What would you give to be together with the person you love?

This is the overarching question of Clark Baker’s retro sci-fi horror Test Screening, where a group of teenagers become paranoid after a test screening of an unknown film comes to their small town, with drastic consequences.

Set in 1982, Baker’s feature wears its influences on its sleeve, commenting on The Thing, and Star Wars and the director does a serviceable job of bringing us back to a simpler time.

Leading them is Drew Scheid who many will remember from Halloween 2018 and the Fear Street series, who works at the local cinema, letting his friends have their own private screenings from time-to-time.

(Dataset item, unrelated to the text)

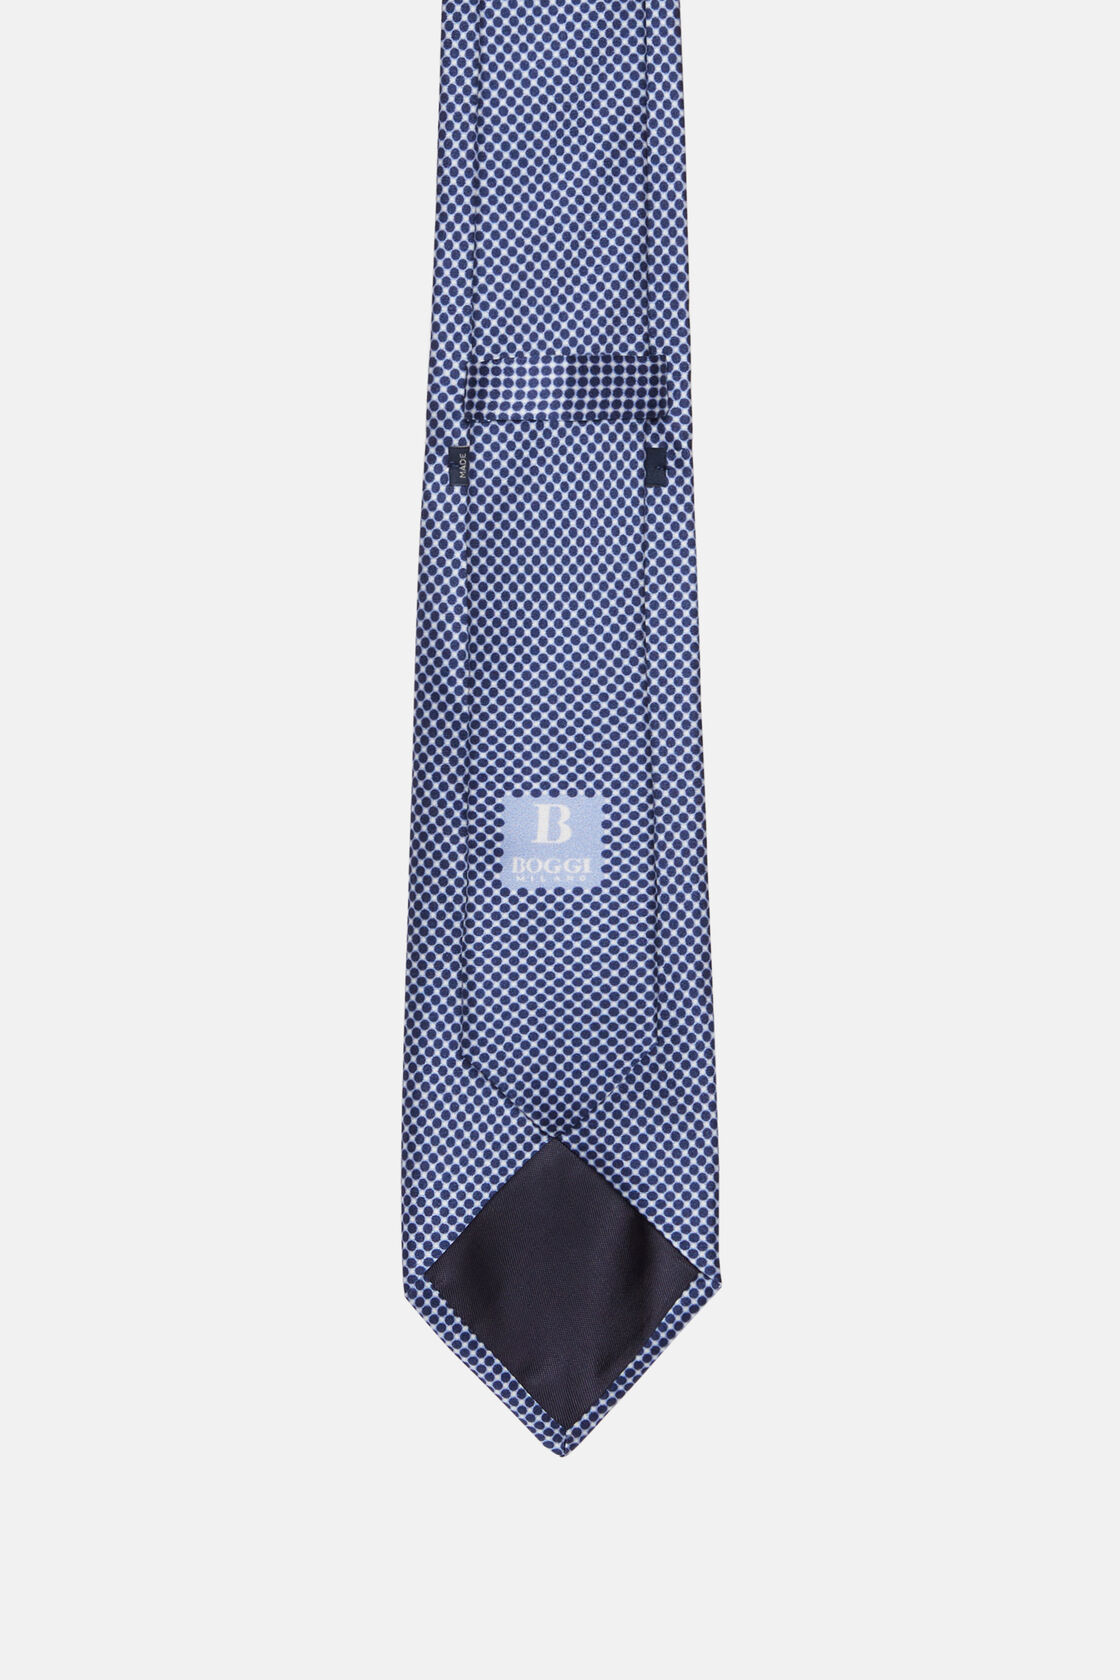 Bedrukte zijden ceremoniële stropdas, Navy blue, hi-res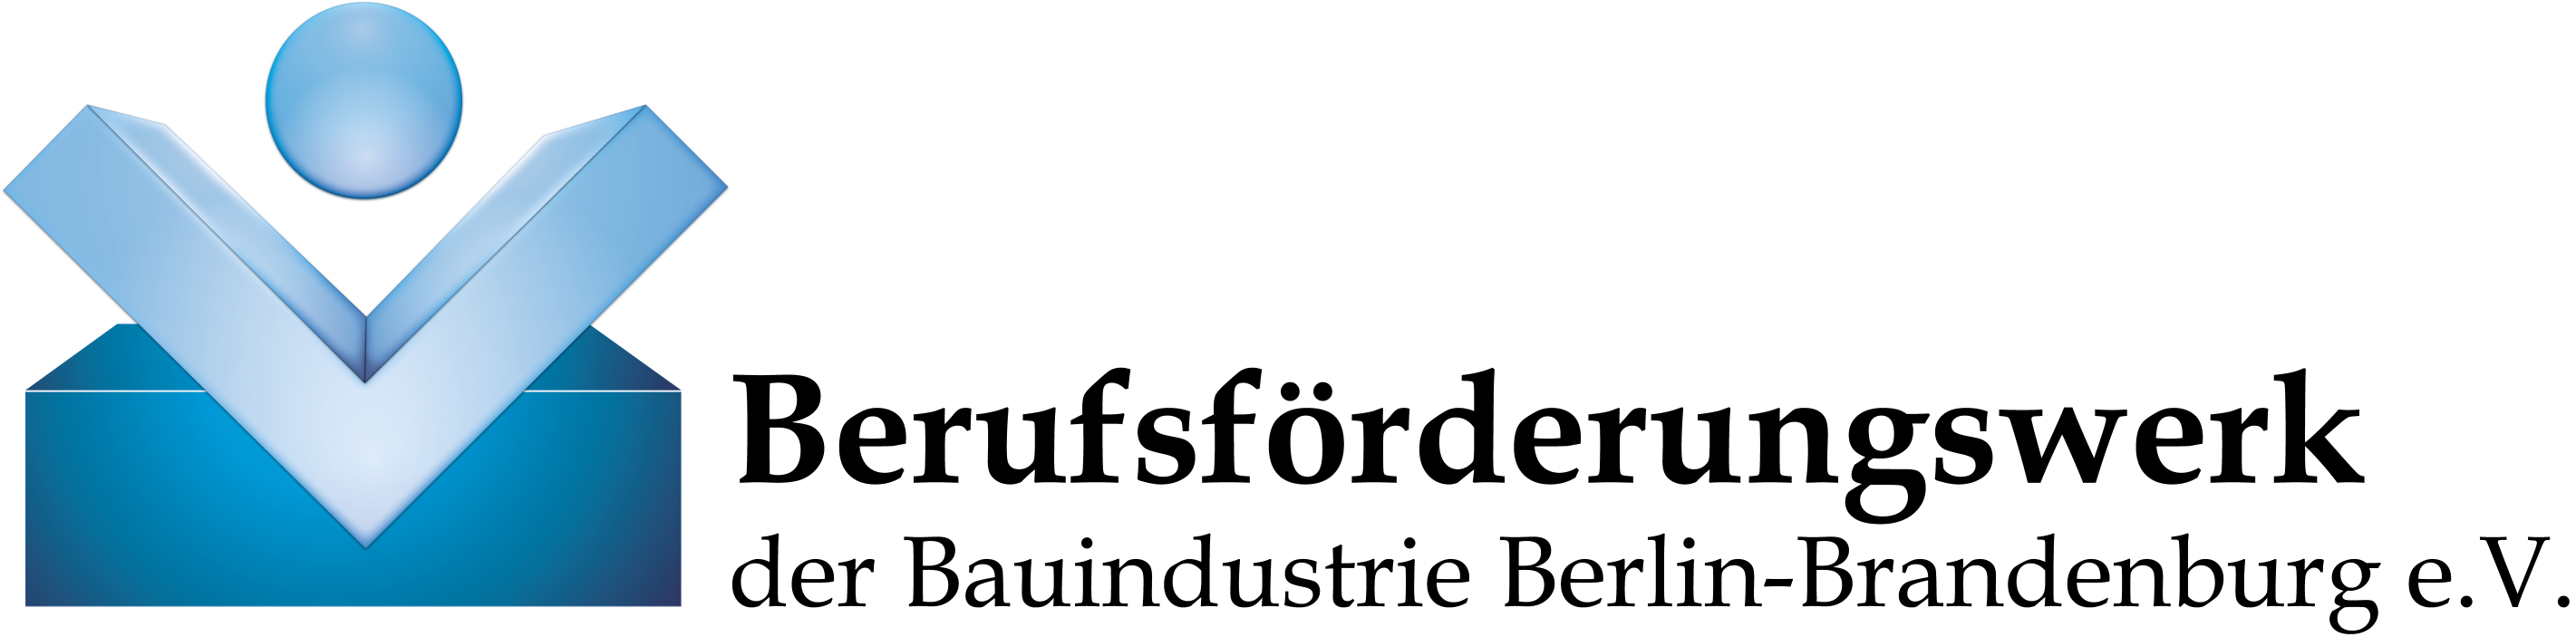 C:akepathBFW Logo klein

Interestingly, there is a queer sub-plot which feels like it’s dropped before it can gather steam.

Baker also draws from Society with some of his commentary around class, capitalism and of course there’s some body horror thrown in for good measure.

Test Screening is more comfortable when it slips into B-movie territory, as some of its more elevated narratives feel a little contrived.

The film is held together by the performance of our quartet, with the other great turn in the film coming from The Passenger’s Johnny Berchtold, who conveys a troubled home life, with a terminally ill mother and a dad who is barely keeping it together.

Test Screening will be lapped up by nostalgia hounds and is entertaining enough to appeal beyond that crowd.

Test Screening screened as part of Frightfest 2024.